Mary, the smallest maid-in-waiting in the world, moves with me as if we were dancing partners. We look so pretty together that nobody remarks that she is tiny compared with everyone else. They laugh at her and pet her, and they tell my mother that she must feed her game and roast meats to make her grow. Nobody thinks that there might be anything wrong with her, and my mother says nothing. With her finest daughter lost to her, she’s not going to undervalue the two that she has left. I see Mary eyeing the court dwarf, Thomasina, sometimes, as a bad-tempered kitten will challenge a small cat. Thomasina, who is fully grown at less than four feet, and excessively proud, ignores Mary completely.
When I first meet the Herberts, father and son, it is as if we are strangers. My marriage is annulled as if it had never been, and neither of them says one word to me. The Earl of Pembroke bows as if he cannot quite recall me; his son Henry inclines his head with faint regret. I ignore them both.

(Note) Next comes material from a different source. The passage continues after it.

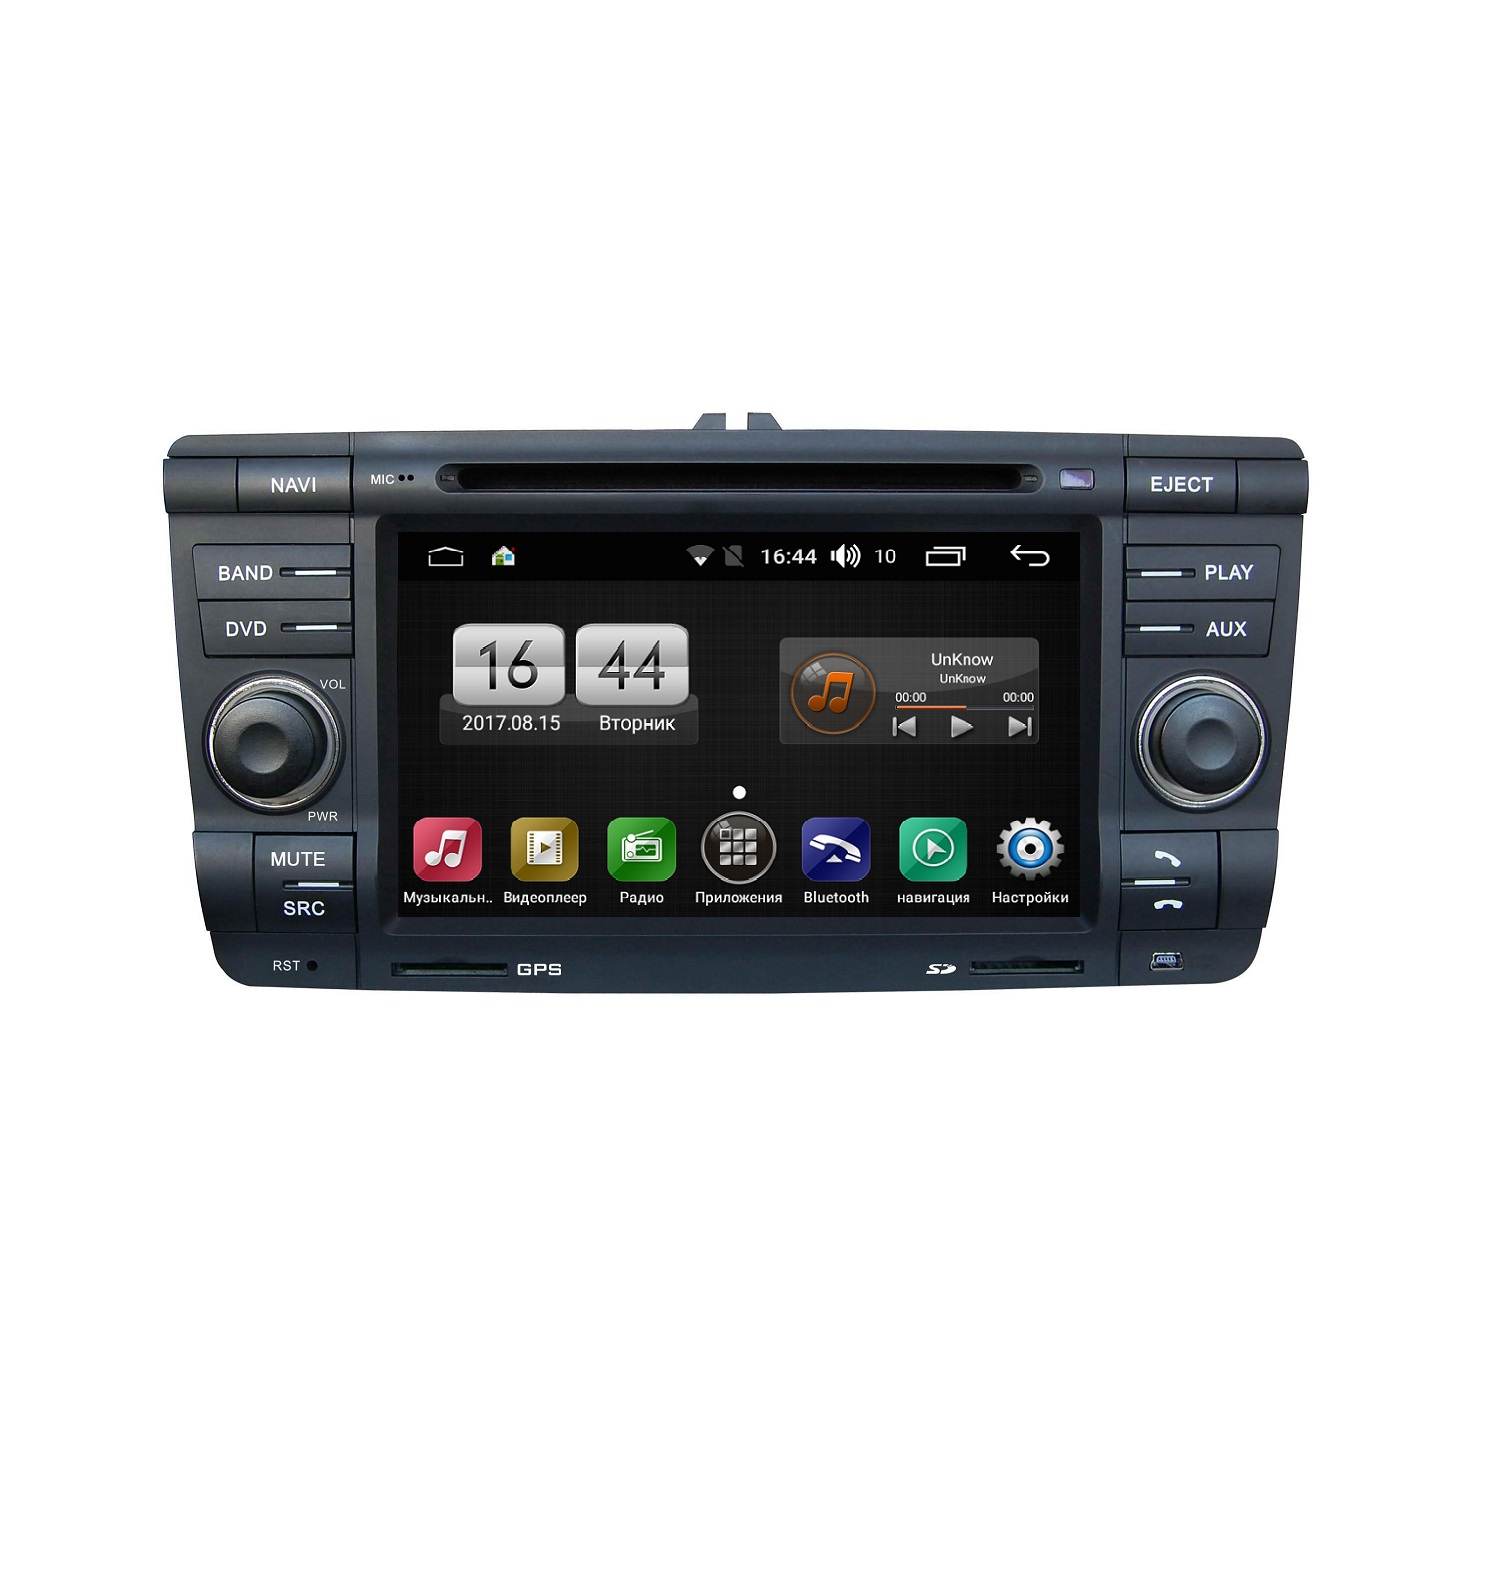 Штатная магнитола FarCar s170 для Skoda Octavia на Android (L005) (+ Камера заднего вида в подарок!) штатная магнитола carmedia ol 8992 dvd volkswagen skoda seat по списку

I don’t care for them, I don’t care for anything at court. I have become a young lady of the royal house again. I am restored. I can hardly believe that I ever had a sister Jane at all, for no one ever mentions her. I had no father, I had no sister Jane. Little Mary and I are Queen Mary’s loyal maids-in-waiting, and my mother accompanies her everywhere as her favored cousin and senior lady at court. I have my own rooms in the queen’s apartments, while Mary sleeps in the maids’ rooms with the other girls. We are acknowledged as the queen’s cousins and we make new friends and companions.
I meet Janey Seymour, who is sister to Ned Seymour, the handsome boy who came to be betrothed to Jane all that long time ago. I like Janey at once. She is a clever girl, a scholar like Jane; she even writes poetry that rhymes and yet she is playful and funny. She strikes me at once as an ideal friend: she is pretty like me and learned like Jane. She hoped to be Jane’s sister-in-law, she is the only person at court who speaks of her. We have shared a loss, and now we can be friends.